Customer Mirage: Risks of Signing A Large Company As Your First Customer

Imagine you’re in a hot, dry desert and desperate for water. You’ve been walking all day and the thought of drinking nice, cool water makes you ecstatic. Suddenly, you see it! A pool of water in the distance. You hurry towards it, running as fast as your legs will carry you. But when you arrive, all you find is sand. Damn sand!

You’ve just experienced a mirage. And this is exactly what it feels like when you’re looking for that first customer and close a whale. You’re desperate for validation and revenue. If only you could get that big name-brand customer, investors would be tripping over themselves to give you money! TechCrunch would write about you! The cash would be rolling in and all your worries would be over!

After weeks or more likely, months of emails, calls, negotiation, and nervous waiting, you finally land a deal with a WHALE, a well known publicly traded company. Not just any deal – this deal starts with $100k+ in revenue and has the potential to bring in much, much more. This is the inflection point right? It’s all #winning and *crushing it* from here!

Unfortunately it usually doesn’t work like that. If your first customer is a large company, the deal is more likely to be a mirage than the start of a winning streak.

Why The Likely Outcome Is You Become A Dev Shop For Your Enterprise Customer

Your Product Is Not Ready For Prime Time

There’s that old phrase from Reid Hoffman: “If you are not embarrassed by the first version of your product, you’ve launched too late.” Your early product is going to be a fraction of its true potential, which is fine for early adopter customers. And maybe that’s good enough for a large company but it likely isn’t. The large customer is going to have all sorts of requests – some essential to the functionality of the product, others which are more cosmetic. Assuming you’re a typical lean early stage team, making the changes the enterprise wants can be a hamster wheel: spinning in place just to service this one customer at the cost of future growth.

Large Companies Have Complex Needs and Requirements

If people refer to individual departments within large companies as “fiefdoms”, what does that make the entire company?

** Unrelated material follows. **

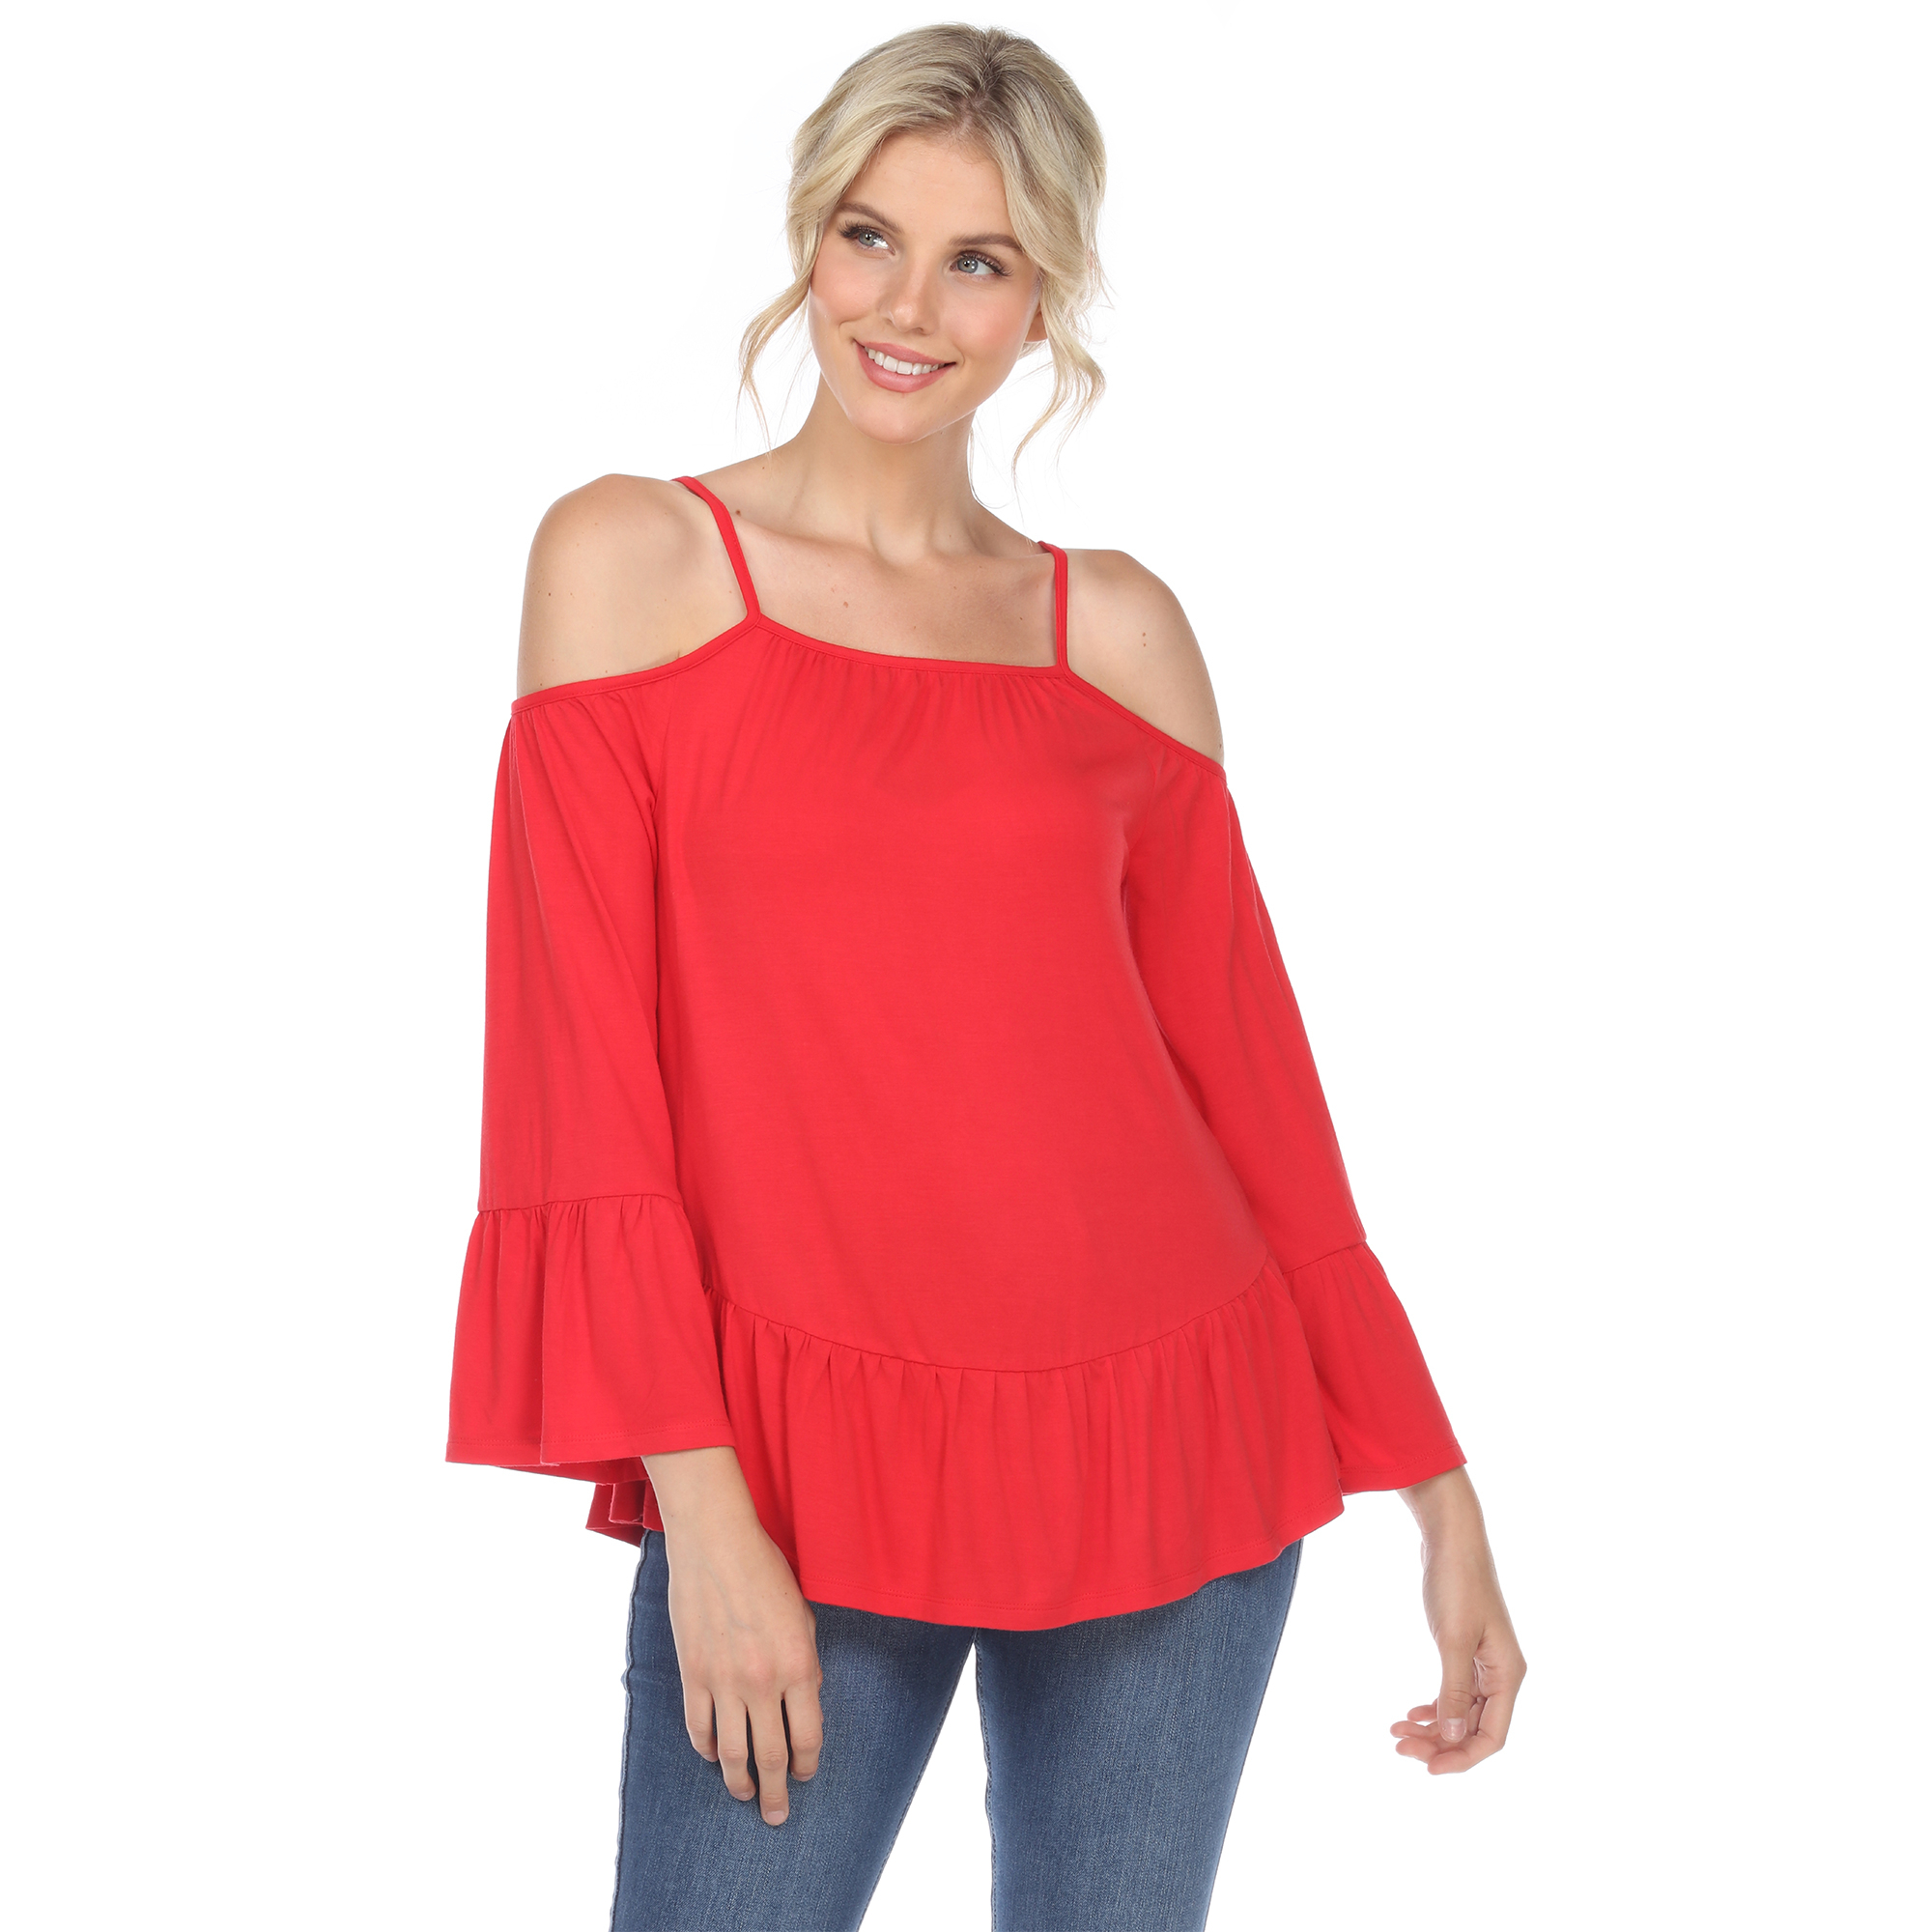 White Mark Women's Cold Shoulder Ruffle Sleeve Top - Red, X-Large
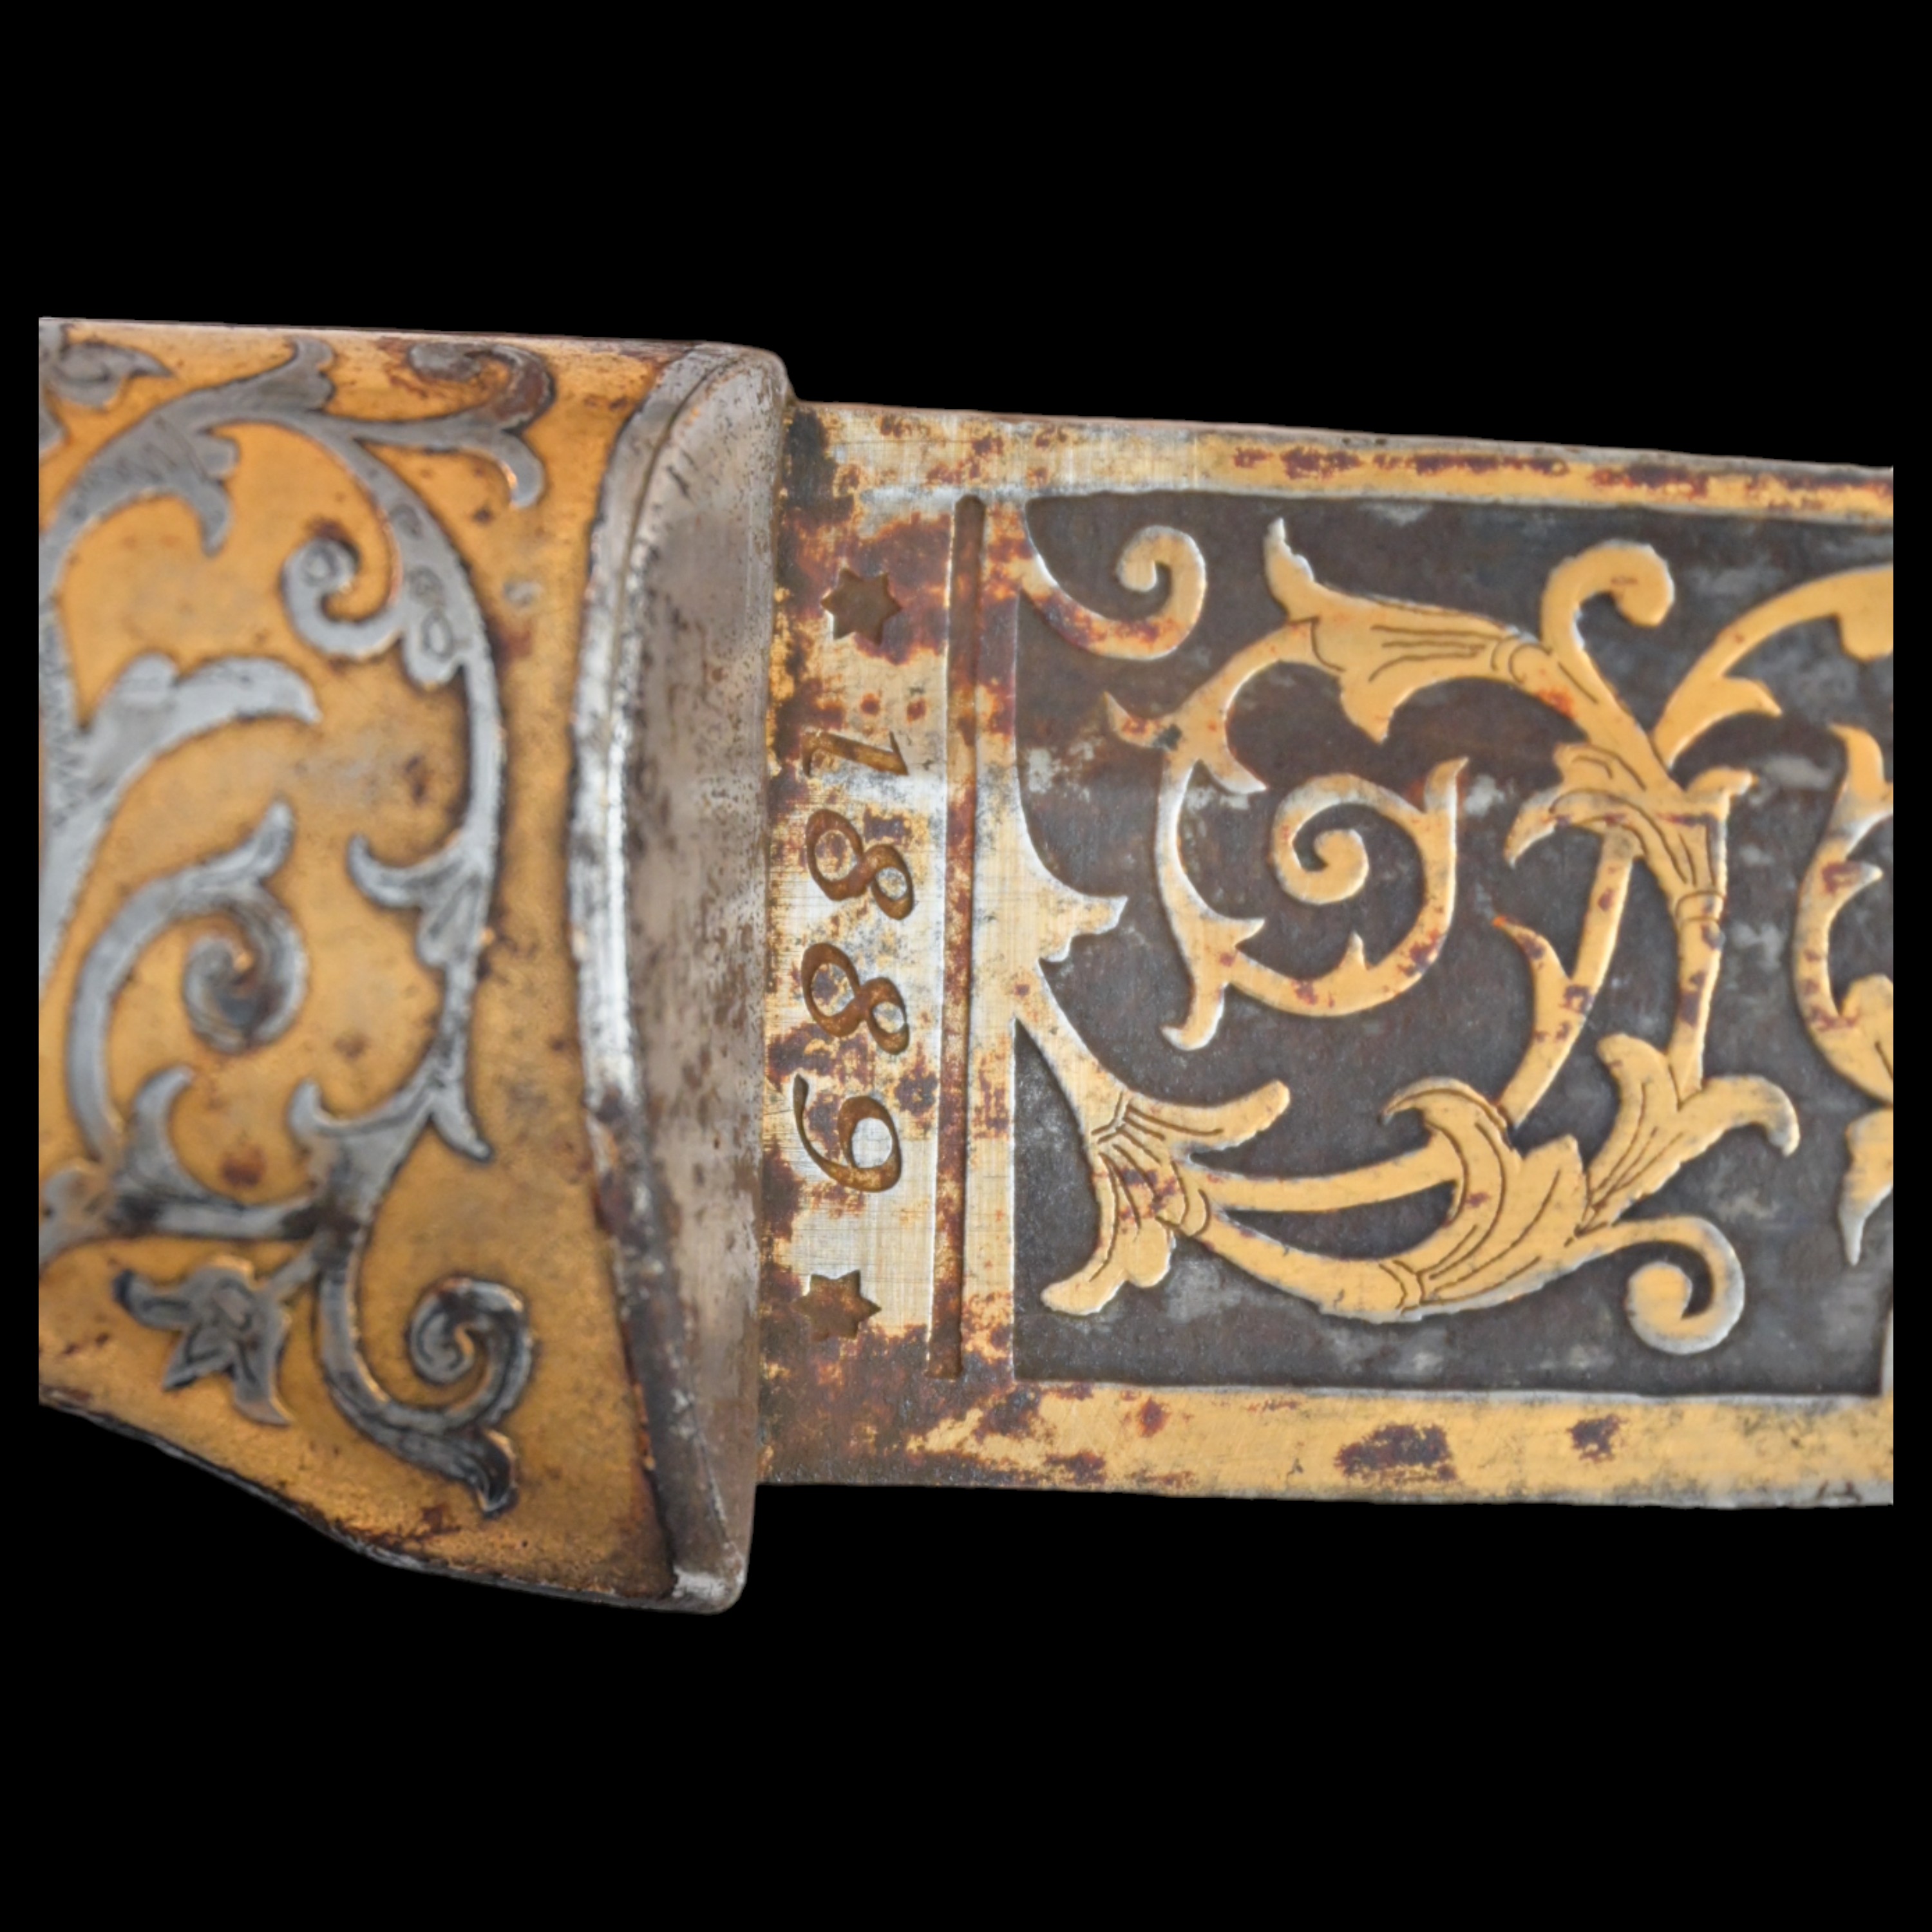 RARE HUNTING KNIFE, DECORATED WITH GOLD AND BLUE, RUSSIAN EMPIRE, ZLATOUST, 1889. - Image 15 of 26

Every large company is its own country, complete with its own history, regulations, and culture. And I can guarantee that every company has some bizarre (from the outside) bureaucratic rules for new vendors. Companies sometimes waive these requirements for pilot projects but once you start working closely on a scale-up plan, there will be hoops to jump through and changes to be made. These changes might involve custom integrations, new workflows, or other completely unique features that don’t scale beyond this single customer.

The biggest risk here is you spend a ton of time and money developing a product that has a market size of one, the definition of a dev shop. So much for your high-flying startup ambitions.

High Expectations For Service

A company paying $250,000+ for a software product expects to get some service, rightly so. But do you have a service team or protocols in place? If you don’t, you could be in for a rude awakening with a cancellation or a lot of late nights, working through product changes and service tickets. And once again, these changes will probably only be relevant for this single customer, not your wider market.

How To Avoid Becoming An Enterprise Dev Shop

While there are infinite paths to building a company, if you recognize that your company could fall into the enterprise development shop trap, there are two things you can do:

Focus on Small and Medium Size Businesses (SMBs) Initially

Building a product for smaller customers initially may seem like the slower path to revenue. But building your product for a market, rather than an individual customer, is what will lead to growth and scalability later on.

And remember, just because these are SMBs doesn’t mean you can’t interact with them and sell directly. Doing things that don’t scale isn’t just acceptable in the early days, it’s essential.

For example: if you have a product that will be used by specialist doctors, such as an OB/GYN, you can try selling that product to a large hospital system (very difficult) or to an individual practice (much easier). Opting for the individual practice is the better move, even though it has less revenue potential in the long term.

Ruthless Product Road Map Discipline

This is the tougher strategy for the simple reason that human beings are terrible at saying no to money. And this strategy involves telling your large enterprise customer the most dreaded two letter word when they ask for a product change: NO.

What comes after those two words might be a decision not to move beyond a pilot or a complete cancellation. But hopefully the customer is understanding and respects your decision to stick to the product roadmap.

This doesn’t mean you ignore the feedback. But you treat it like you would any product feedback. It goes into your backlog and you make decisions on priority the way you would any other feature request.

Ultimately, this comes down to discipline. Can you avoid the siren call of your large customer’s feature requests and instead, build your product for the entire market? Few can but the risk is clear. Janette Barnard said it better than I can:

Final Thoughts

As anyone who has been around my site or read my book knows, I frequently advocate startups working with large companies. But there is a difference between working with a large company on your terms and working with a large company as a desperate vendor. Avoiding the trap of becoming a one customer dev shop takes clear vision and above all, discipline.